Lee Young-hoon (, March 6, 1960 – February 14, 2008) was a South Korean composer best known for the ballads he wrote for singer Lee Moon-sae in the 1980s and 1990s. In the 21st century, his songs have been covered by popular K-pop acts, and were used in the jukebox musical Gwanghwamun Love Song.

Career 

Lee Young-Hoon's career as a composer mostly focused on theatre, mainstream media and dance music. After he was introduced to musician and songwriter Lee Moon-sae from Um-inho, he began to compose for the singer. After the success of these songs, Lee Young-Hoon began exploring the 'Pop Ballads' genre. In 1987, Lee Young-Hoon won the Golden Disc Award and the Best Composer Award for "When Love is Gone," "Break Up Story" and "Only the Sound of Her Laughter."

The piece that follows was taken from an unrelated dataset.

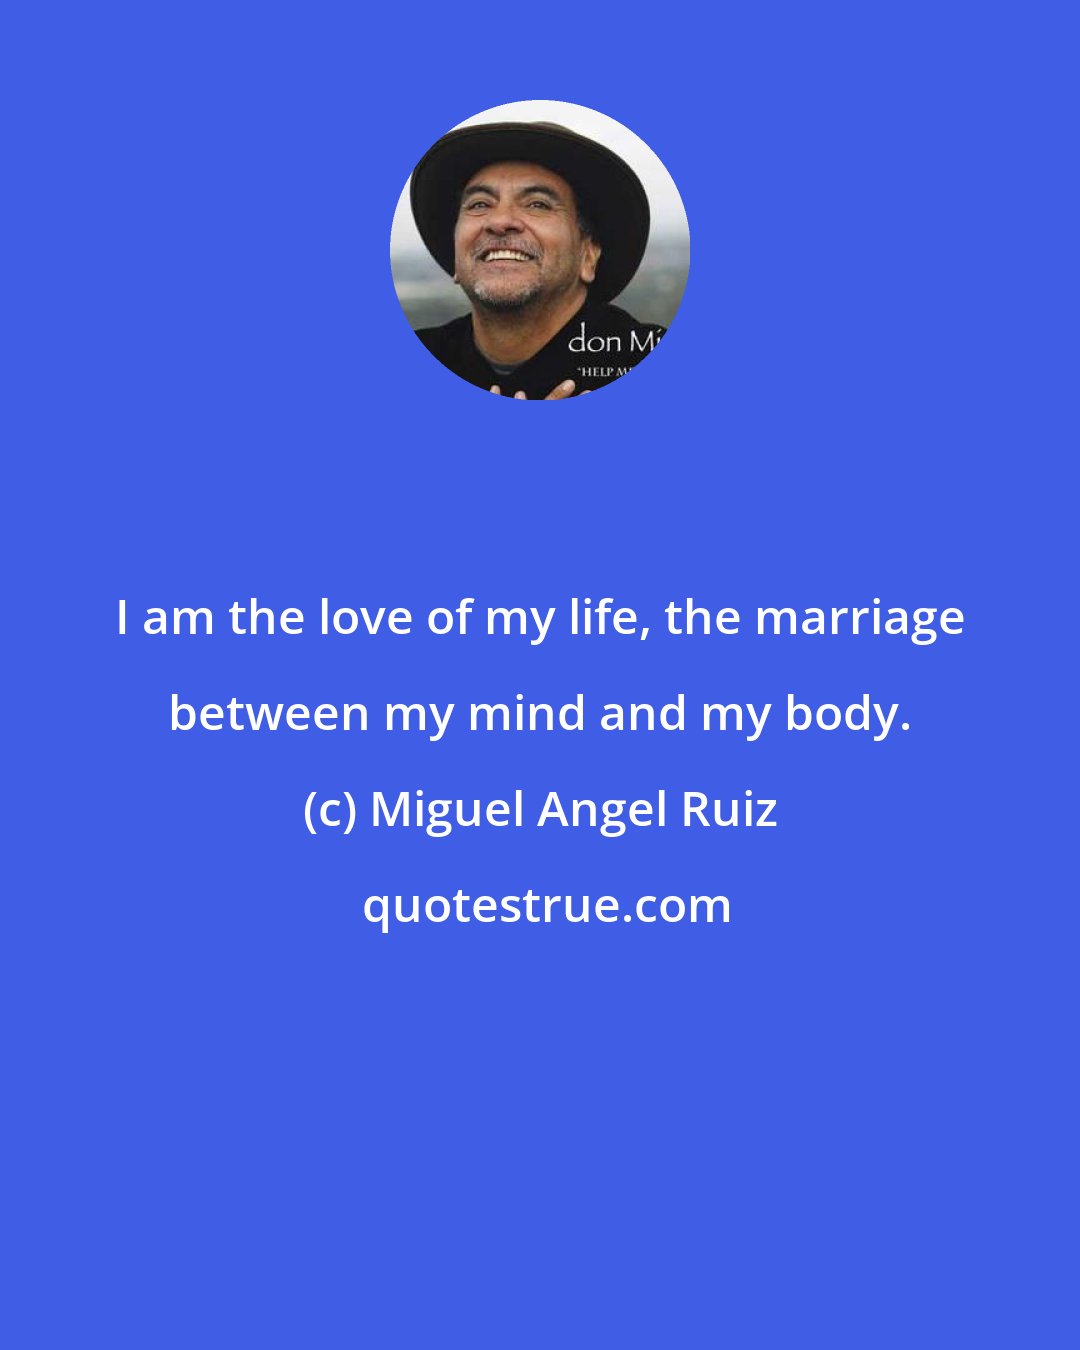 Miguel Angel Ruiz: I am the love of my life, the marriage between my mind and my body.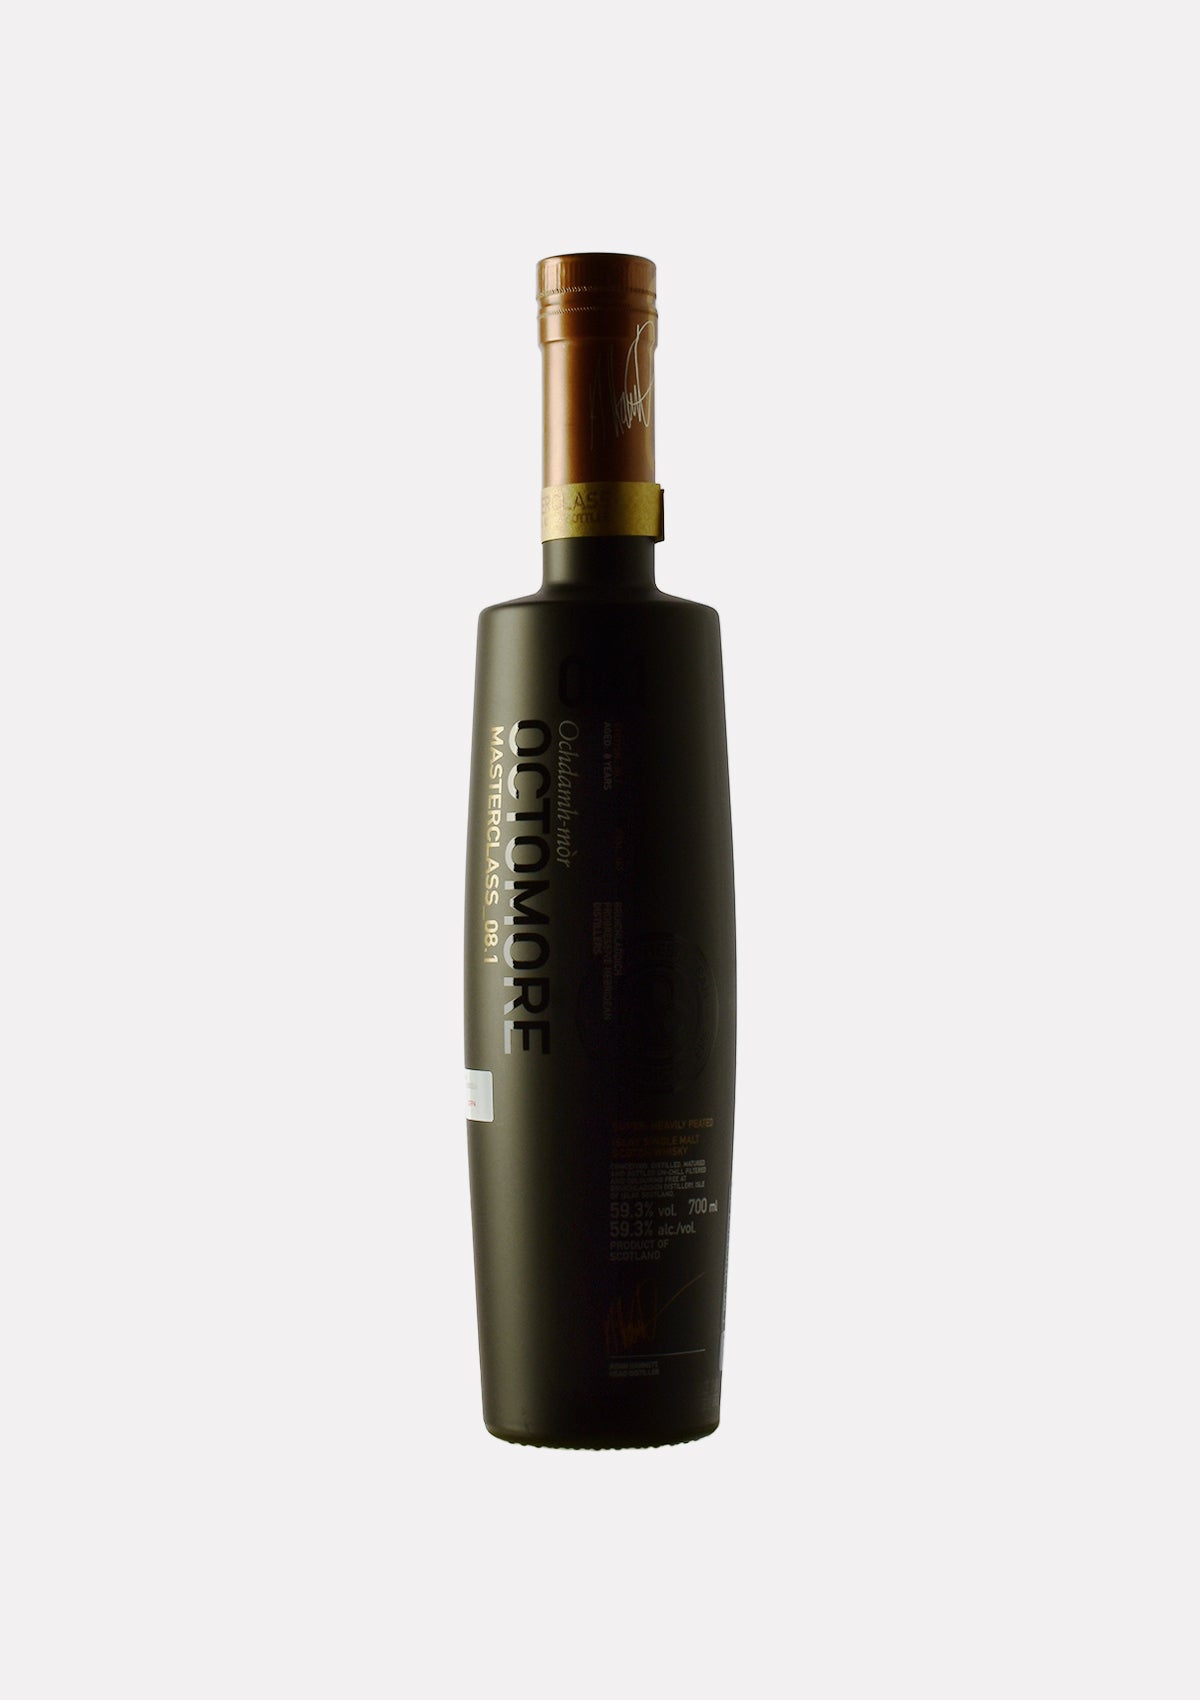 Octomore 08.1 167 ppm

Lee Moon-sae's third collection became a hit selling more than 1,500,000 copies. Lee Moon-sae's fourth collection sold 2,850,000 copies. Lee Moon-sae's fifth album had several thousand pre-orders before it was released, and it brought Lee Moon-sae three Golden Disc Awards. Lee Young-Hoon songs changed people’s perspectives on popular music. These songs became popular among teenagers. His work was credited as playing a significant role in the growth in popularity of the genre. He released eight more albums and three special albums with Lee Moon-sae through 2001.

Death 
Lee Young-Hoon was diagnosed with colorectal cancer. Despite his health condition, he continued to compose songs. During this stage, he wrote Old love1·2 and produced the musical Gwanghwamun love song. He died on February 14, 2008, at age 49.

Discography

Props album 
Lee Young-Hoon completed the album A Short Piece in 1992 with orchestra musicians from Russia's Bolshoi Theater. The album consists of songs he wrote in his 20s and 30s. The feeling is "wintery", as the songs were based on cold times such as during a snowy winter in Moscow. Its words derive from the prologue of 'Small Pieces, When Love is Gone'.

Lee Young-Hoon composed seven albums in collaboration with singer Lee Moon-se, then moved to Russia and released his Small Pieces album with the Bolshoi orchestra. The first album, featuring "Sorrow String Melody" was released in 1993. He released his second album with the Bolshoi orchestra one year after the first. This album consisted of orchestral arrangements of his previous hit songs. He submitted the work to the largest music exhibition in the world, MIDEM in Cannes. He later released a third album, marking the end of his collaboration with the orchestra. Gun Hee Park, who opened the first internet exhibition in South Korea, designed the album ‘Small Pieces’ and provided his support. Gun Hee Park also experimental thoughts about melody as often and as much to his ability.

Awards 
He received the grand prize of Golden Disc Award in 1987. He received Golden Disc Awards for three consecutive years from 1986.

Legacy 
Before 1980, Korea had no pop music genre. People usually listened to Teuroteu or American songs. However, Lee Young-Hoon and Lee Moon-se created this new genre. As Lee Young-Hoon came up with poetic lyrics, launching the Korean ‘pop ballad’.

In 2000, retro culture started a trend of re-making music, and Lee Young-Hoon’s songs were heavily featured. In 2008 the first album with all re-make songs of Lee Young-Hoon appeared.

Recently, Big Bang, IU, Oh-hyuk covered Lee Young-Hoon’s songs.

The leading music critic in Korea, Lim Jin-mo said, “Lee Young-Hoon’s classic based melody and poetic lyrics improved the dignity of Korean pop music”.